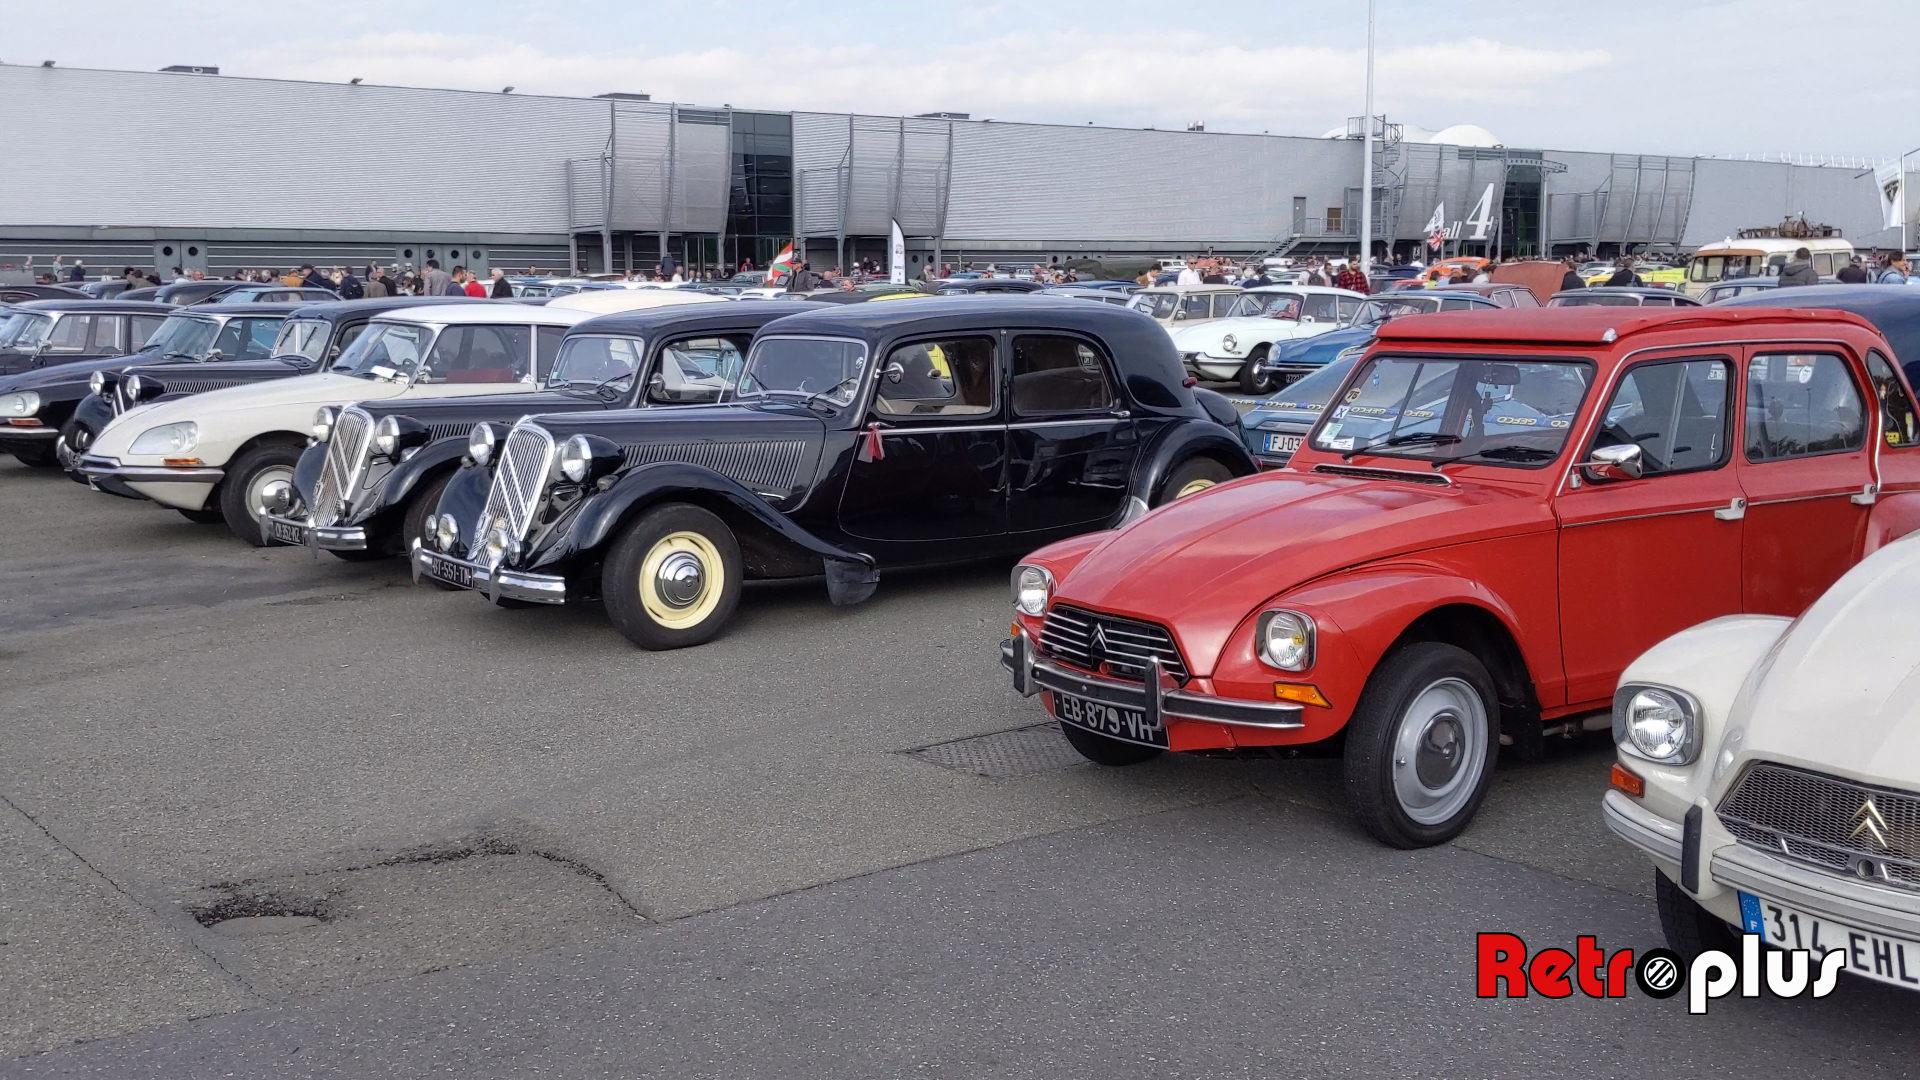 Automedon2019-parkingCitroen24
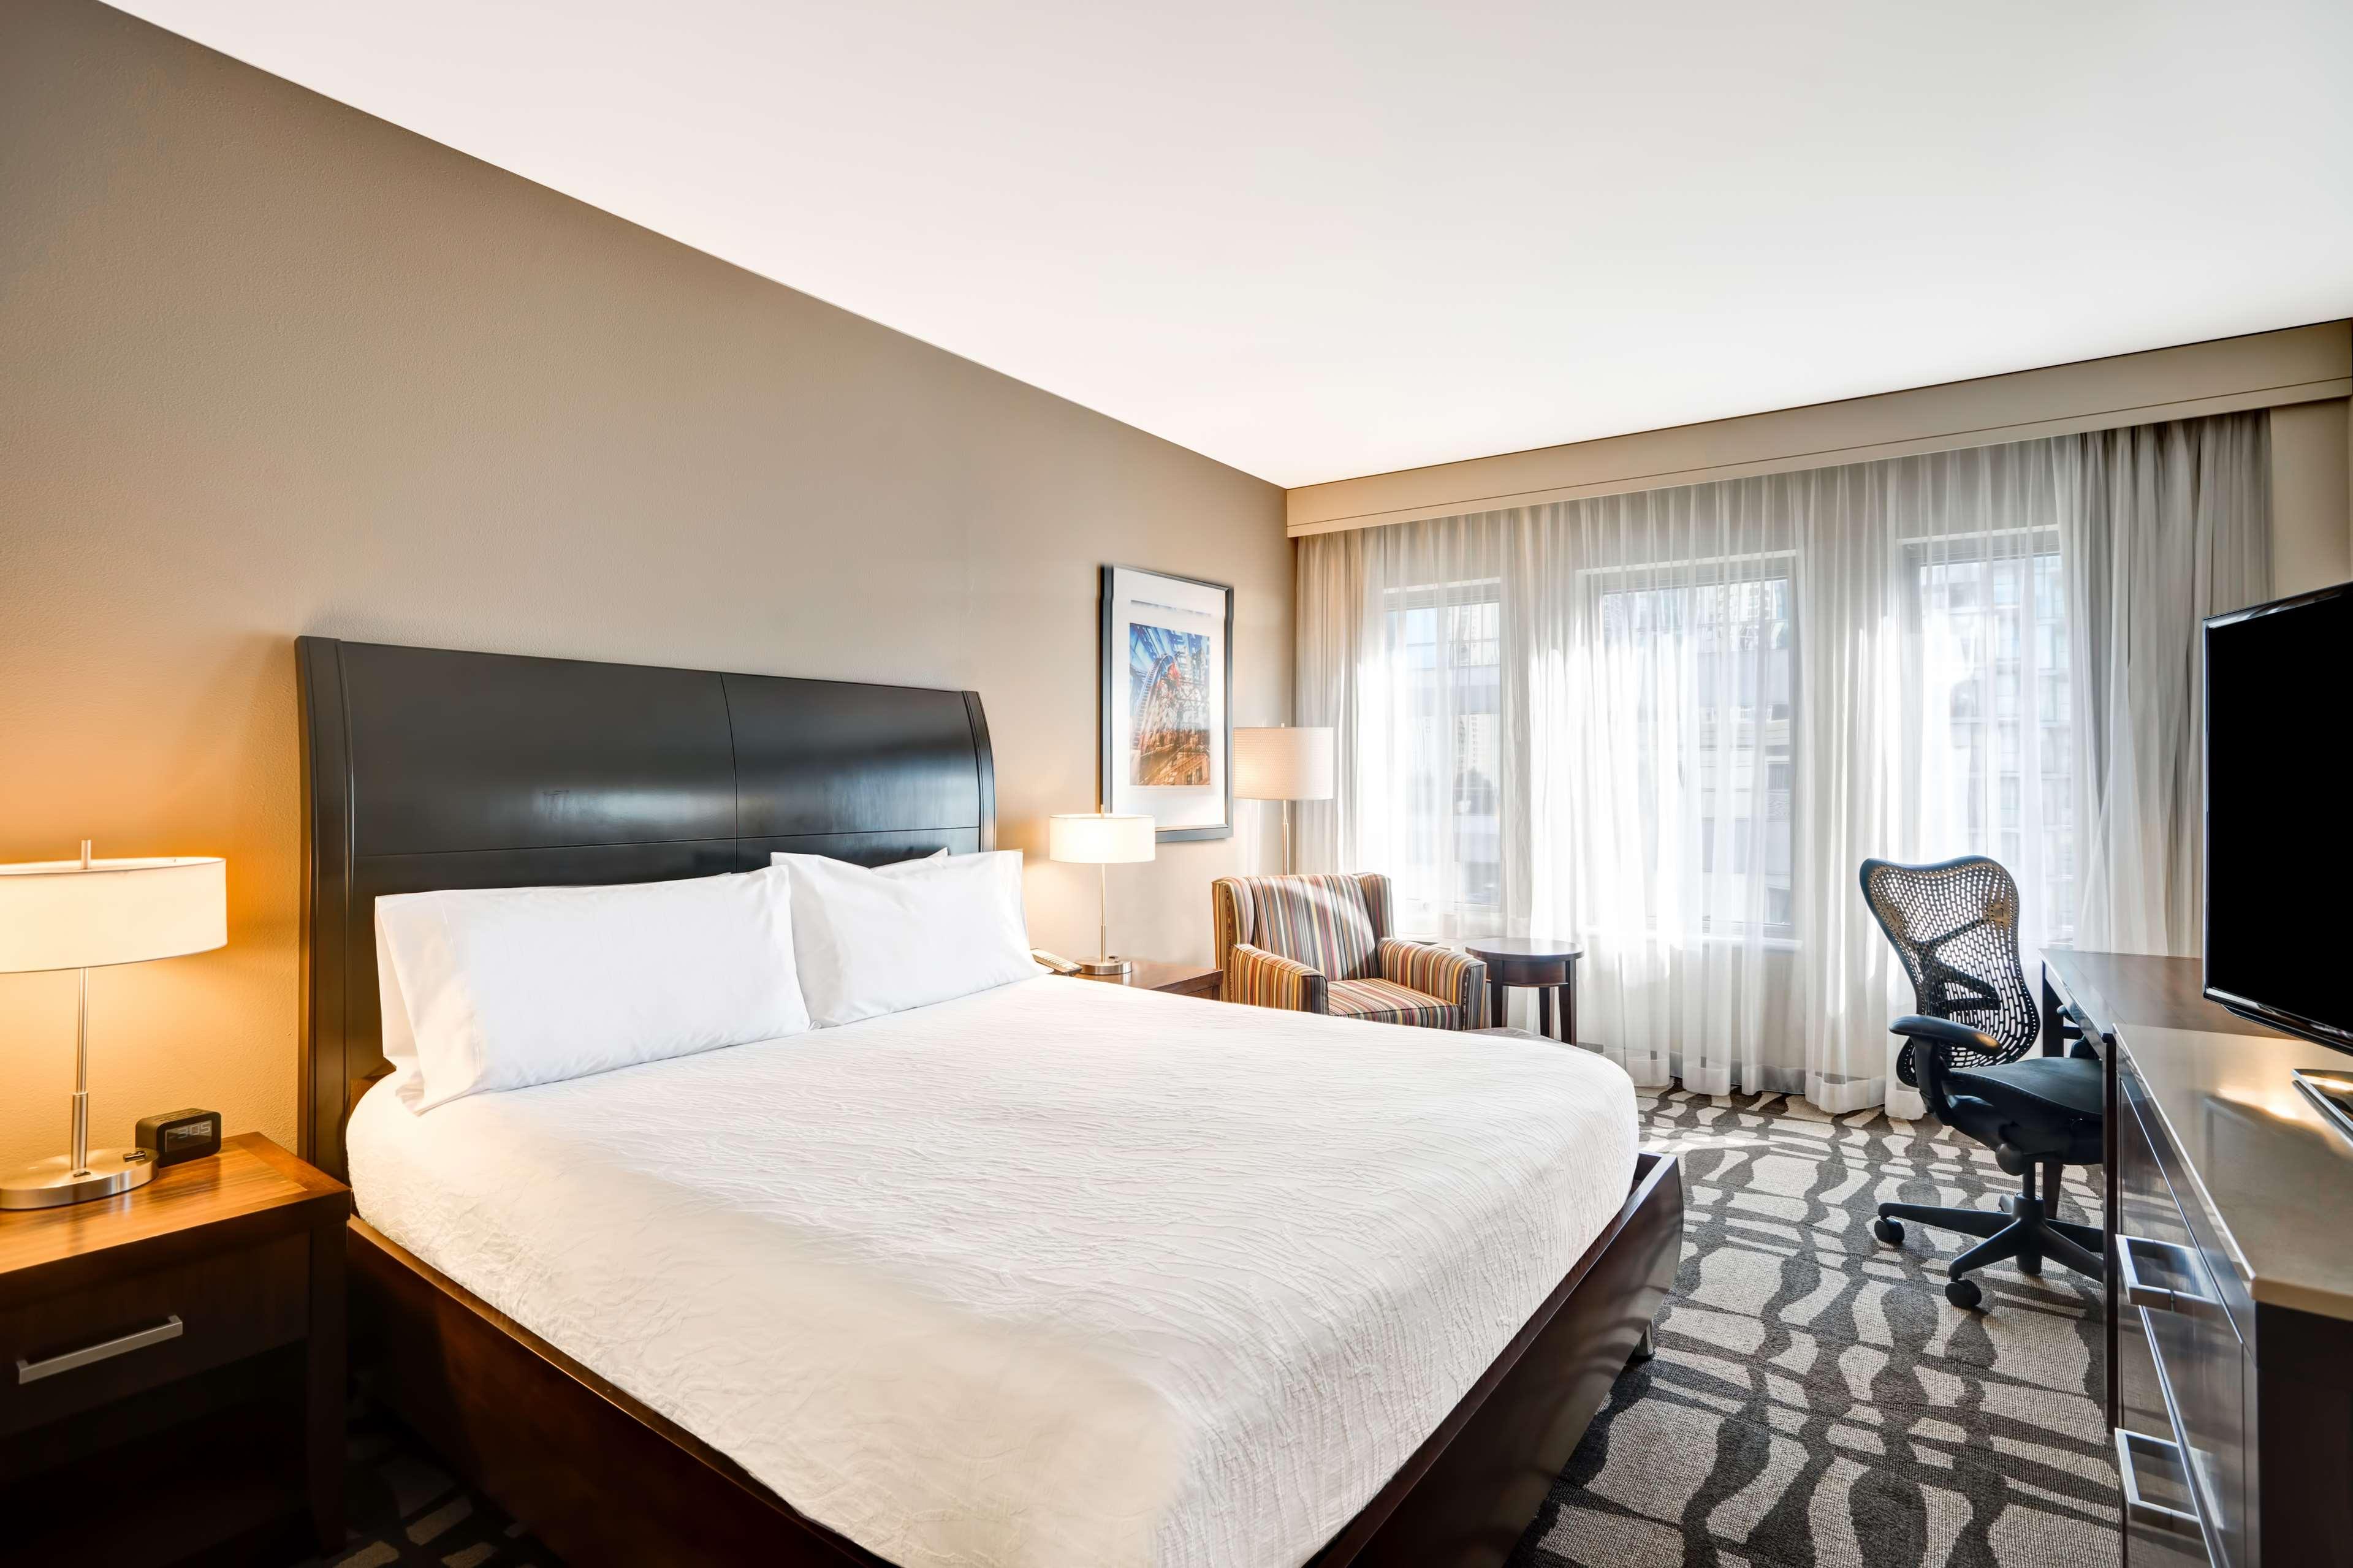 Hilton Garden Inn Chicago Downtown/Magnificent Mile image 32
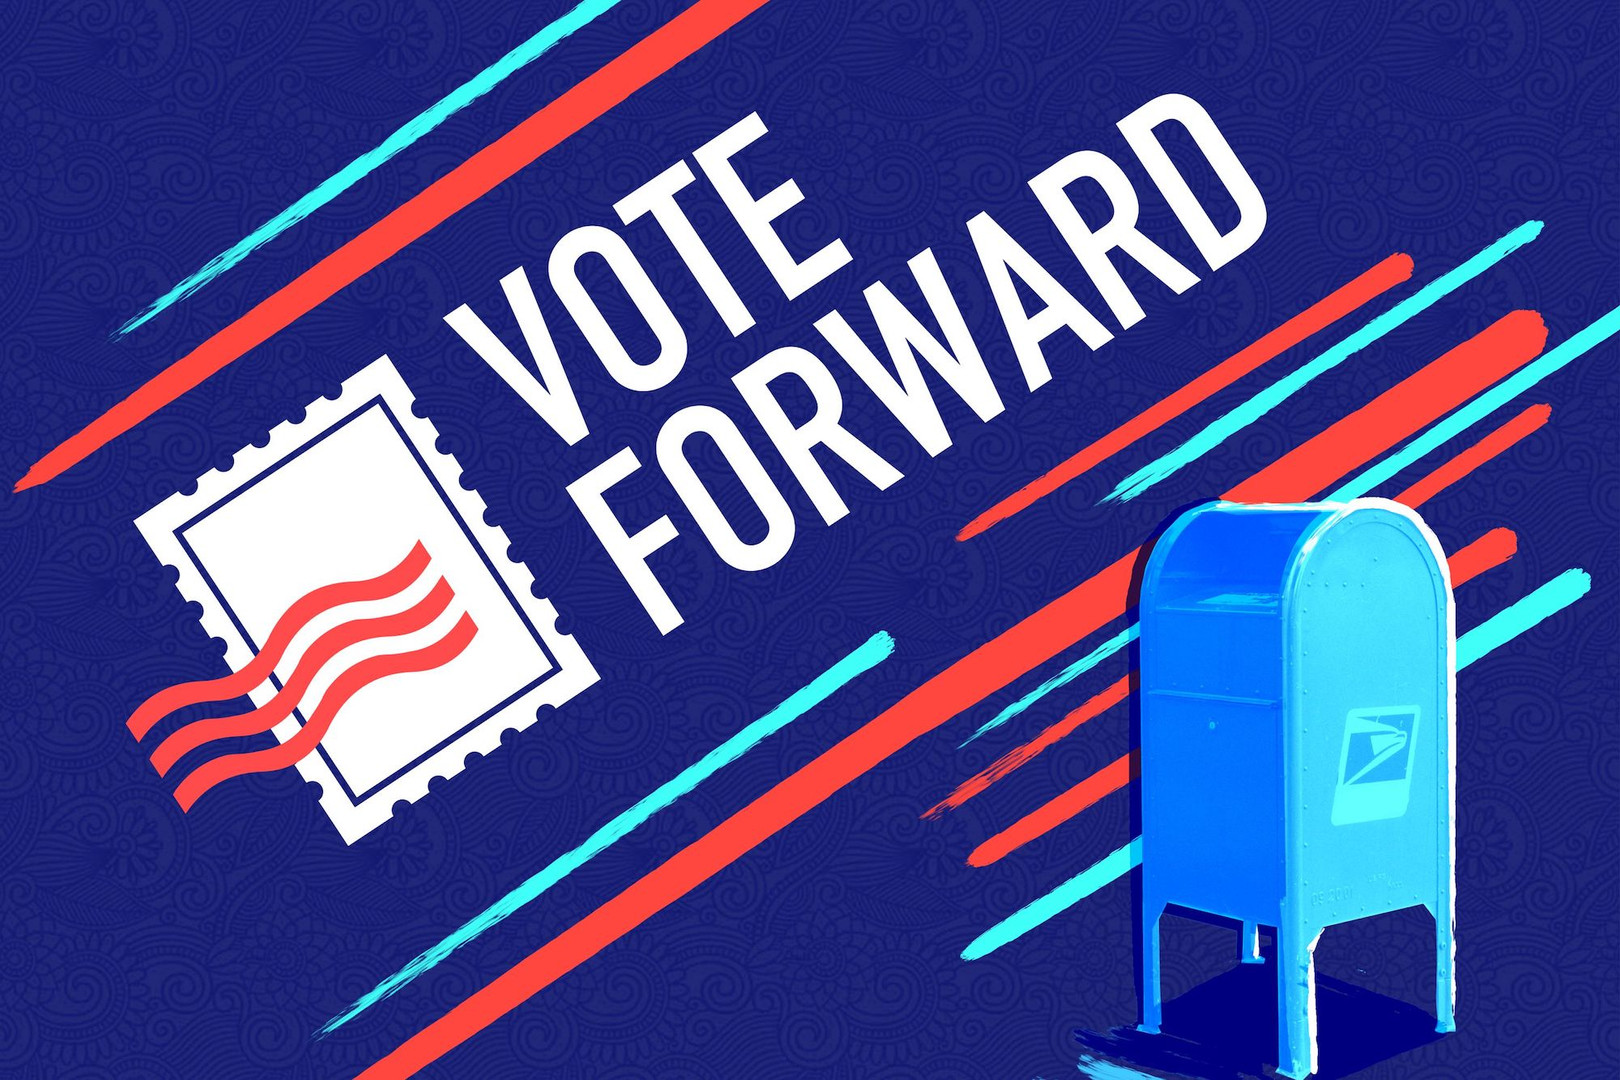 Vote Forward

**ACTIVITY**
Write out the material above exactly; no pictures.

**OUTPUT FOR THIS EXERCISE**
 Automedon2019-parkingCitroen24
 Hilton Garden Inn Chicago Downtown/Magnificent Mile image 32
 Vote Forward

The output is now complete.